Cook Pasta & Toast Panko
2
  • Once water is boiling, add spaghetti to pot. Cook, stirring occasionally, until al dente, 9-11 minutes.

  • Reserve 1½ cups pasta cooking water (2 cups for 4 servings), then drain. (Keep empty pot handy for step 4.)

  • Meanwhile, melt 1 TBSP plain butter (2 TBSP for 4) in a large pan over medium-high heat. Add panko and cook, stirring, until golden and toasted, 2-3 minutes. Stir in scallion whites and season with salt and pepper. Turn off heat; transfer to a small bowl. Wipe out pan.

Cook Brussels Sprouts
3
  • Heat a large drizzle of olive oil in same pan over medium-high heat. Add Brussels sprouts and season with salt and pepper. Cook, stirring occasionally, until bright green and slightly softened, 4-6 minutes.

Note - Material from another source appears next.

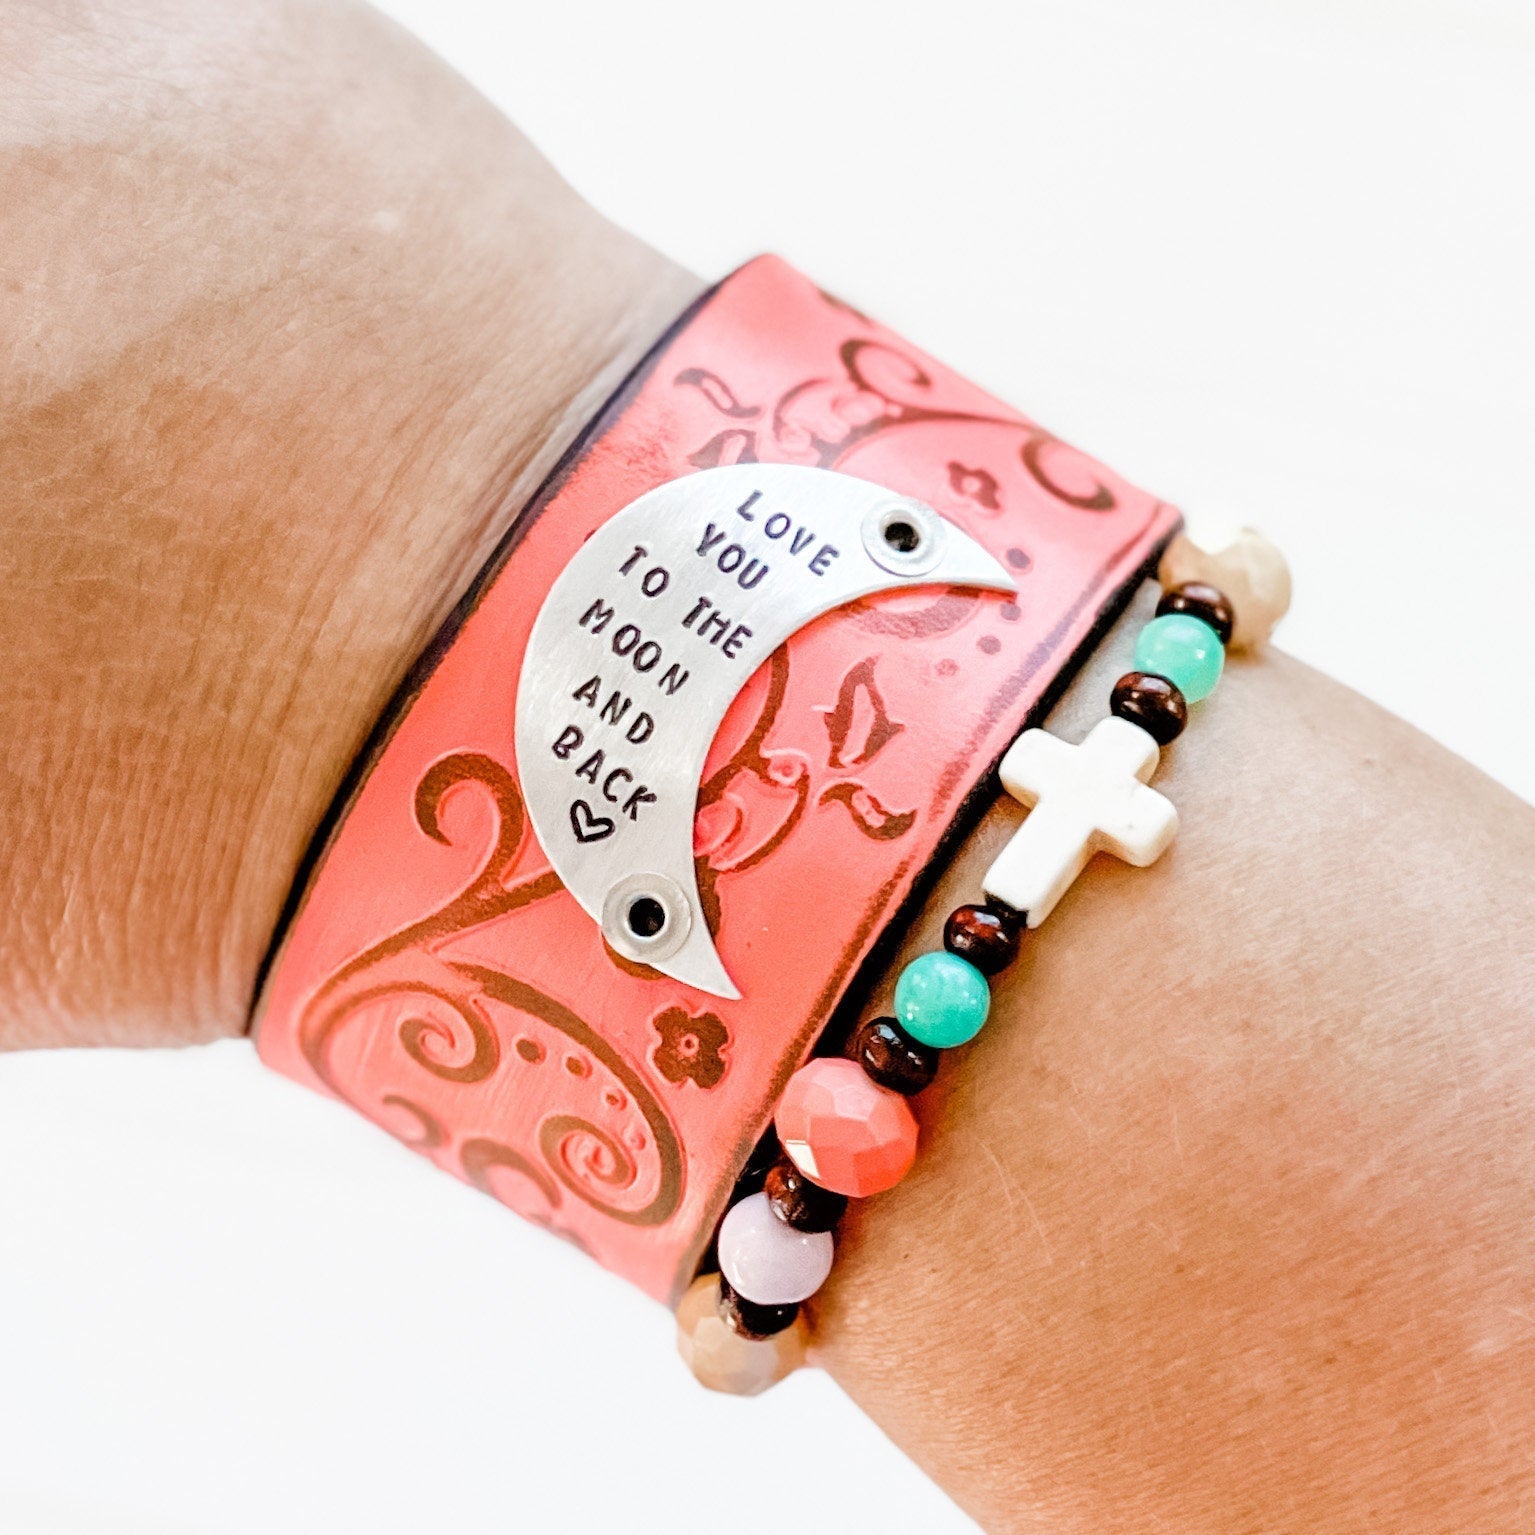 Personalised Stamped Leather Bracelet By Sally Clay | notonthehighstreet.com

  • Stir in a pinch of chili flakes if desired; cook for 30 seconds more. Turn off heat.

Start Sauce
4
  • Once spaghetti is drained, heat empty pot over medium heat. Add cream sauce base and ¼ cup reserved pasta cooking water (½ cup for 4 servings).

  • Bring to a simmer, then remove pan from heat. Whisk in cream cheese until melted and combined; taste and season with salt and pepper.

Finish Sauce & Pasta
5
  • Add drained spaghetti, Brussels sprouts, stock concentrate, garlic herb butter, Parmesan, scallion greens, half the Italian Seasoning (all for 4 servings), half the lemon zest, and a big squeeze of lemon juice to pot with sauce.

  • Cook, tossing, until butter has melted and pasta is coated in a creamy sauce, about 1 minute. TIP: If needed, stir in more reserved pasta cooking water a splash at a time.

  • Taste and season with salt and pepper. Add more lemon juice if desired.

Serve
6
  • Divide pasta between bowls. Top with panko and remaining lemon zest to taste. Sprinkle with remaining chili flakes if desired. Serve with any remaining lemon wedges on the side.